Generally speaking though - most, if not all devices will implement support for the USB Audio standard.
So on Linux the generic USB driver will work.

But if a device has extra features, that are not part of the standard - that might be where you need additional additional drivers.

For example:
I have a Blackstar ID:Core BEAM guitar amp, which has a USB interface.
I can plug my amp into my PC on Linux and can capture sound from it in audio applications. But I cannot access any of the more advanced features of the amp.
On Windows and Mac, Blackstar have made software available that will allow you to adjust a ton of settings for the amp via USB from your PC. So you can change the amp/cab simulation settings, or change parameters on the various effects and load/save custom patches.

On Linux, I can't do any of that - and I refuse to install Wine, or run Windows in a VM for the sake of doing this. I don't want to be running WINE or a VM for realtime audio applications. So on Linux, my amp only has partial support.

On Github, I found a python based application called 'Outsider' (A play on Blackstar's old software for accessing the ID:Core range, which was called 'Insider').
Outsider was created by somebody with one of the first gen ID:Core amps. My BEAM is a 2nd gen ID:Core.
So I had to hack Outsider a little to get it to recognise my BEAM. But the only settings I could access on my amp were the settings that the original developer had discovered/reverse engineered on his V1 ID:Core amp.
The v2 has some additional settings that are unavailable to me. And I don't have the time, the inclination, or the equipment to try to reverse engineer and deduce the rest of the settings that are available on my amp.
So again, even with Outsider - I only have partial support for my amp.

But partial support is better than no support at all!

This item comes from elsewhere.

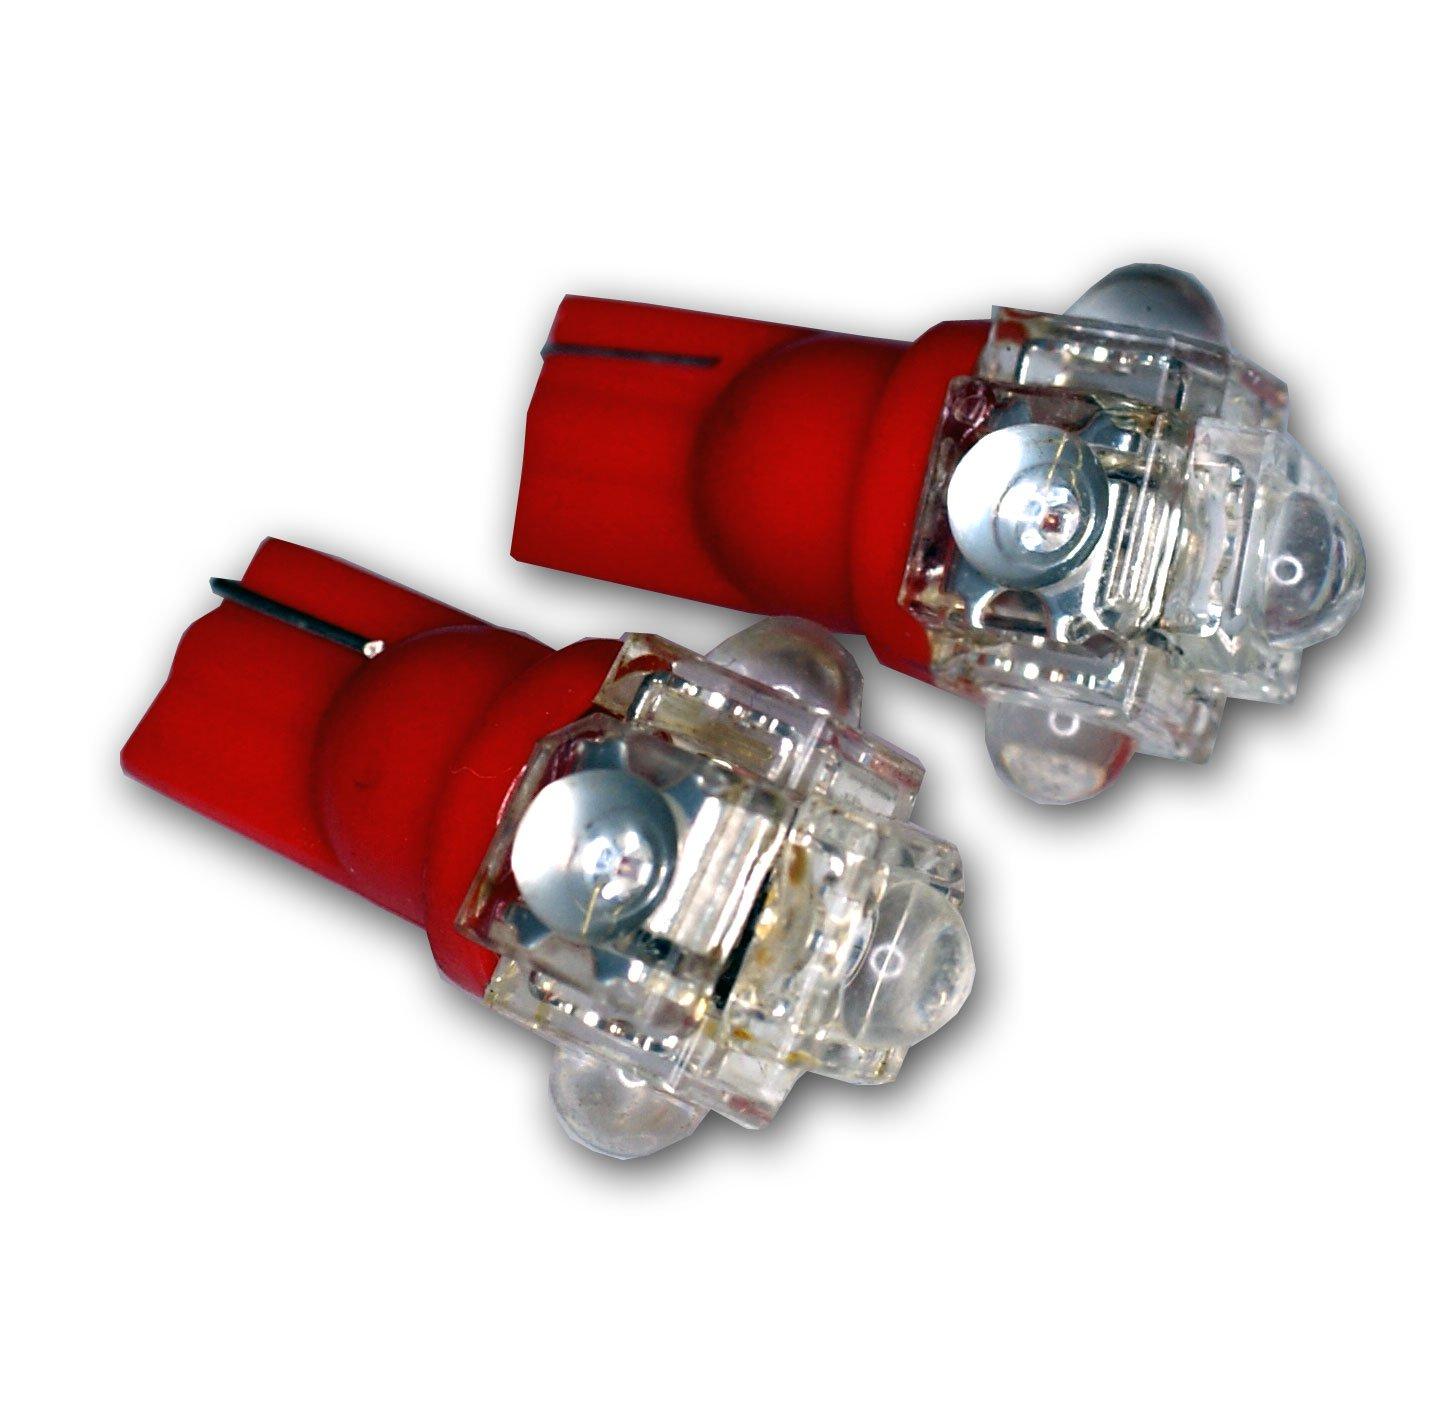 TuningPros LEDTL-T10-R5 Tail Light LED Light Bulbs T10 Wedge, 5 Flux LED Red 2-pc Set

Anyway, my point is - even if an audio device does require drivers for Windows/Mac - as long as the hardware manufacturer has used open, common standards, like the USB audio standard - then the generic drivers for Linux (built into the kernel) should allow the use of the basic/essential functions of the hardware. You just might not be able to use some of the more advanced features of the hardware.
Many thanks, Jas. Boy, I am sure learning a lot about all this. Cheers
 
Many thanks, Jas. Boy, I am sure learning a lot about all this. Cheers
Heh. That's what we do here - if we can. We not only try to help, we like to educate as well.......it's all to the good in the long run.